In Questo video ospitato su Winenews il Prof. Michele Morgante descrive le difficoltà, non di fattibilità ma legislative, nell’introduzione di vitigni che permetterebbero di diminuire significativamente l’utilizzo di pesticidi (e di metalli pesanti come il rame) nella viticoltura.

L’argomento era stato trattato anche dal Sole 24 Ore.

Si tratta di dieci varietà selezionate attraverso incroci dall’Università di Udine e dai Vivai cooperativi Rauscedo, tutte discendenti da vitigni internazionali (Soreli, Sauvignon, Fleurtai, Merlot, Cabernet solo per citarne alcuni) e che sono state inserite nel registro nazionale delle varietà di vite ma che per passare alla fase della coltivazione in campo necessitano dell’approvazione da parte di 19 regioni e due provincie autonome. Insomma non proprio una strada spianata. A queste vanno aggiunte le nuove frontiere della cisgenetica e del genome editing sui quali si è invece abbattuta la scure della Corte di giustizia Ue che nel luglio dello scorso anno ha equiparato queste tecniche (in grado di aumentarne la resistenza ai patogeni) agli Ogm.

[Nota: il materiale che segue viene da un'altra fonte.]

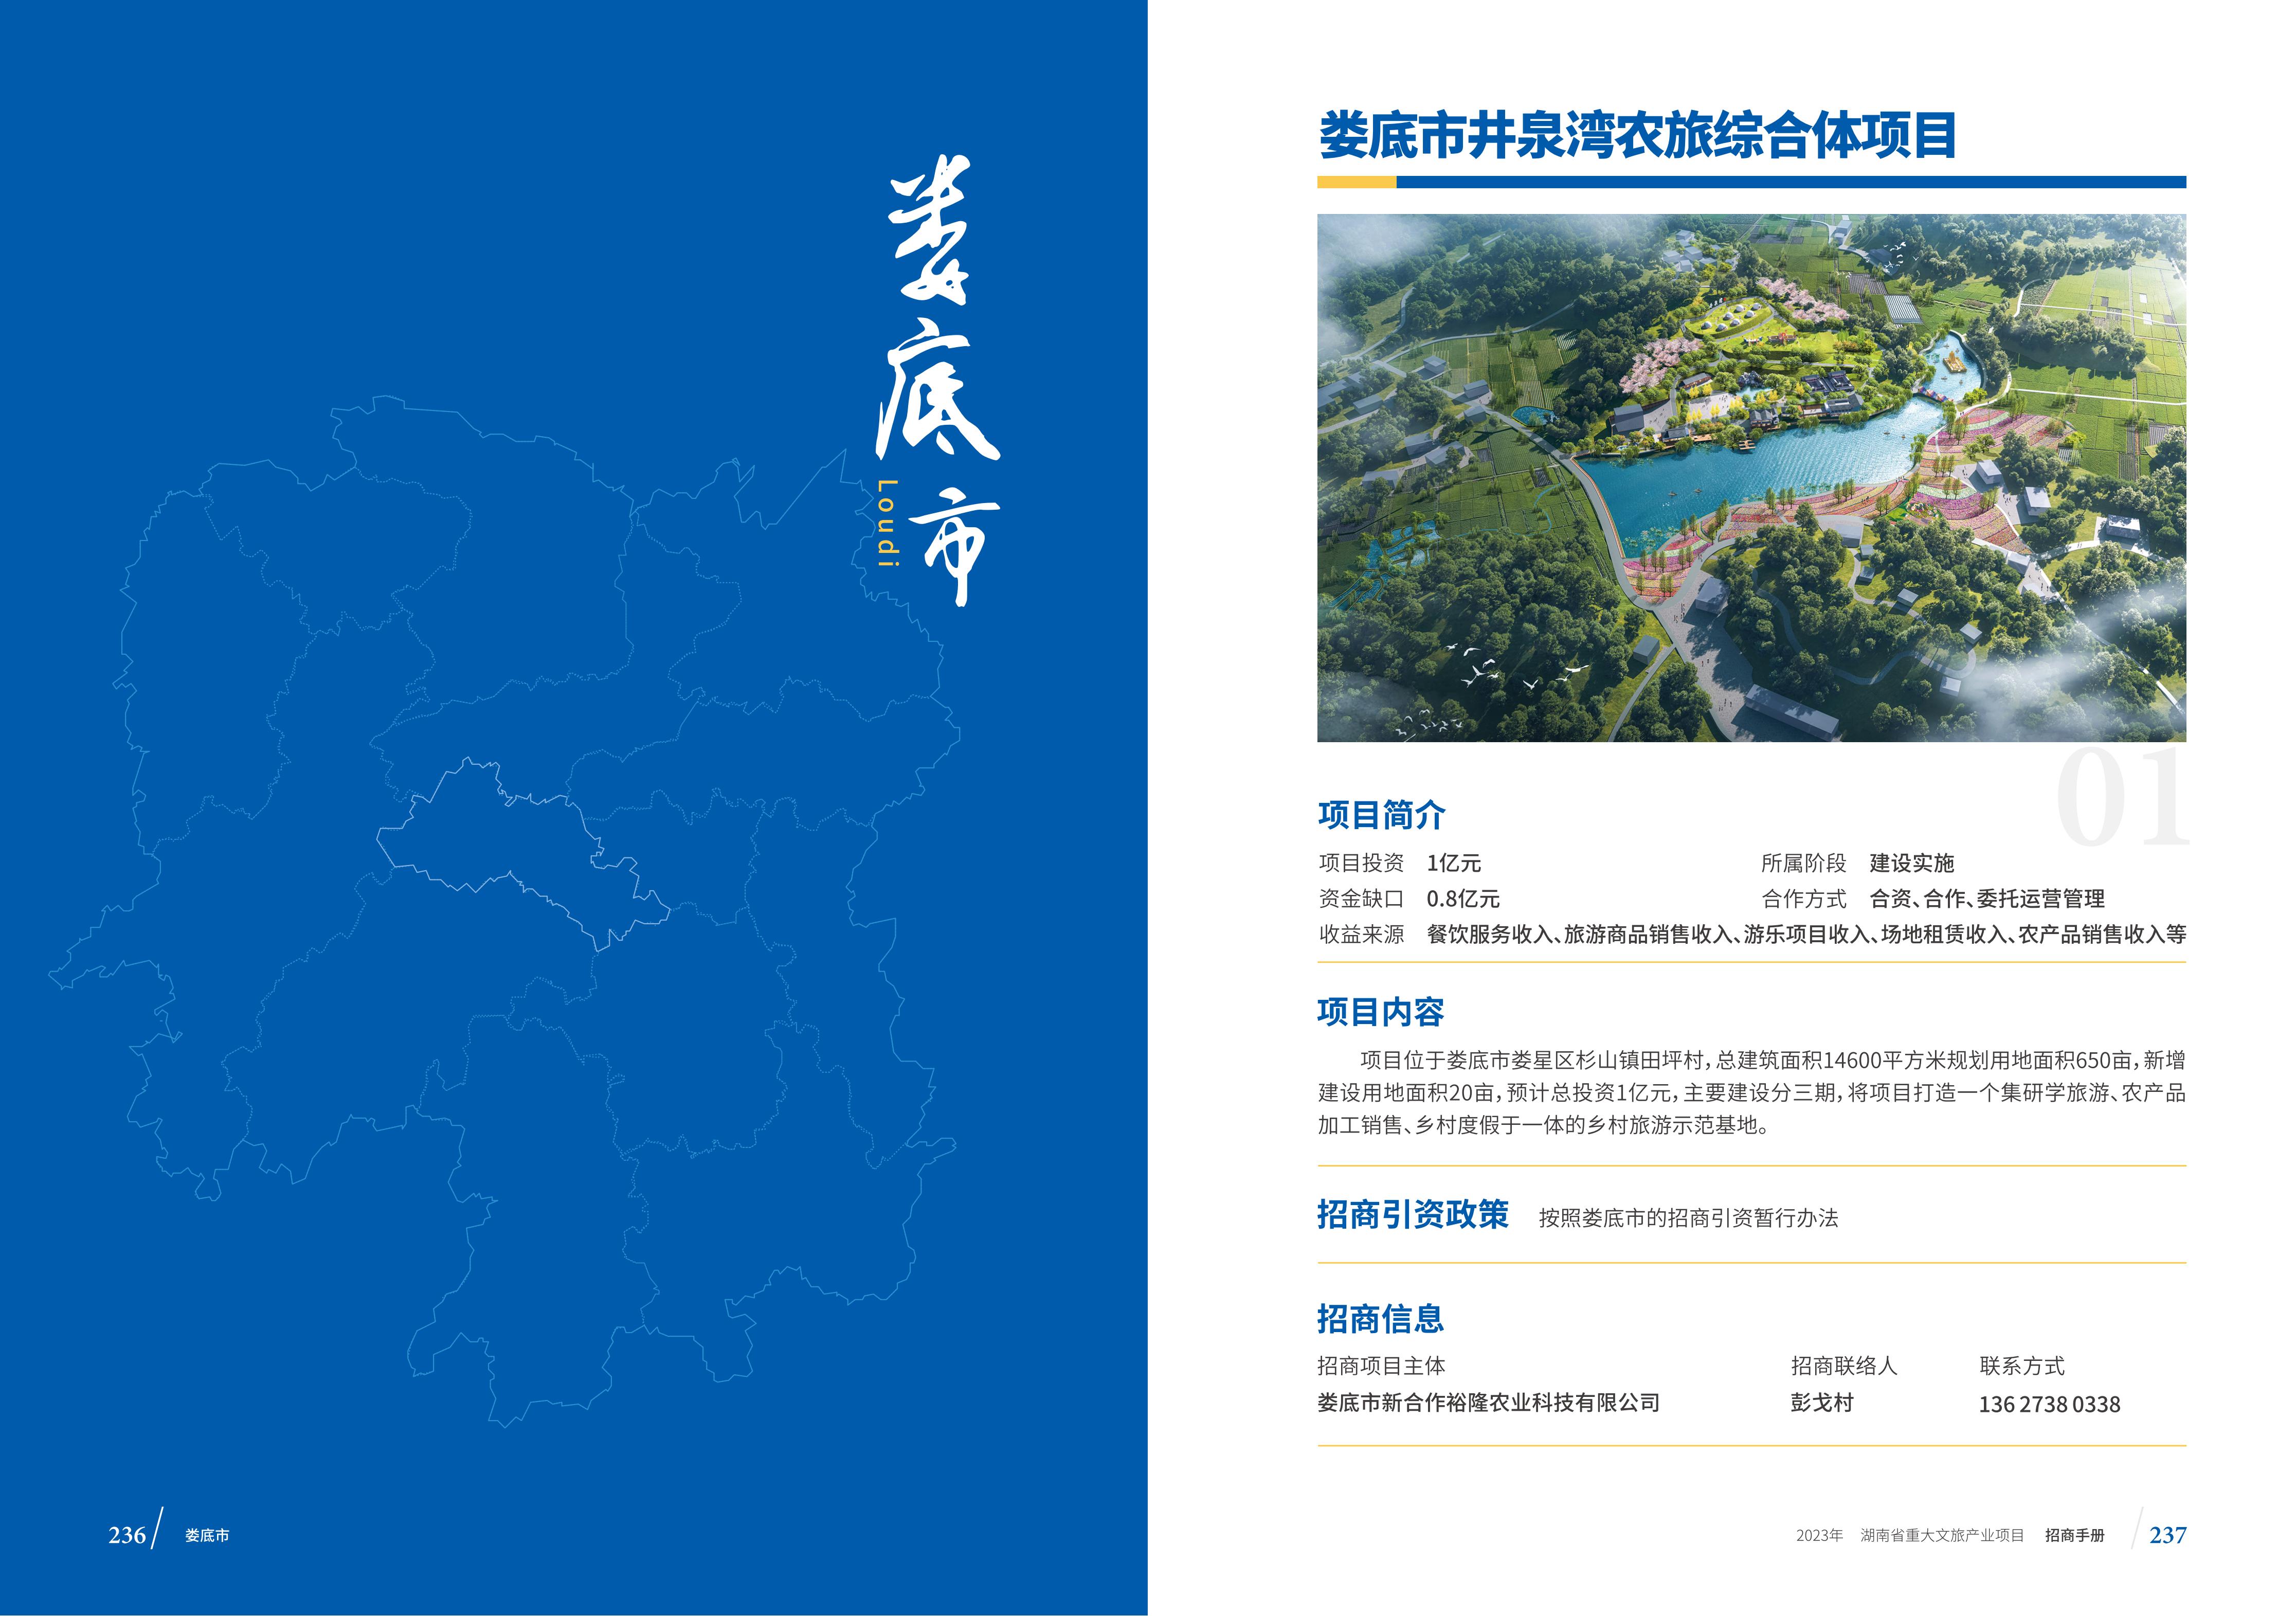 湖南省重大文旅产业项目招手册线上链接版_126.jpg

Sulla sentenza della Corte di Giustizia Europea si possono leggere un articolo apparso all’epoca su Science Magazine e uno della botanica Vittoria Brambilla pubblicato sul sito Agrarian Sciences.

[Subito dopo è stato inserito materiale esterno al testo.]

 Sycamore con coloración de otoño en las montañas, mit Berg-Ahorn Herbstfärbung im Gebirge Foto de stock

A seguito di questa sentenza, piante ottenute tramite CRISPR, che è la tecnica di Genome Editing più usata, potranno essere cresciute in campo solo dopo l’acquisizione di permessi e commercializzate dopo aver soddisfatto prove onerose. La sperimentazione con piante CRISPR sarà pertanto resa difficoltosa per gli enti di ricerca pubblici e la commercializzazione di piante CRISPR sarà, come già avviene per gli OGM, limitata a chi possa sostenere i costi della burocrazia, che non sono di certo le università e la ricerca pubblica.
Ma per capire come mai si sia finiti ad accorpare organismi CRISPR agli OGM dobbiamo ritornare alla definizione di OGM, contenuta nella Direttiva 2001/18/EU. Essa afferma che sono da considerarsi OGM organismi “il cui materiale genetico è stato modificato in modo diverso da quanto avviene in natura”(art.2) e pertanto tutti gli organismi in cui l’uomo ha operato attivamente per modificare il DNA. Sarebbero quindi OGM non solo gli organismi originati dall’introduzione di transgeni (geni proveniente da altri organismi) ma anche quelli ottenuti da mutagenesi “classica”, cioè ottenuti tramite mutazioni casuali nel DNA per esposizione ad agenti chimici, radiazioni ionizzanti o coltura in vitro.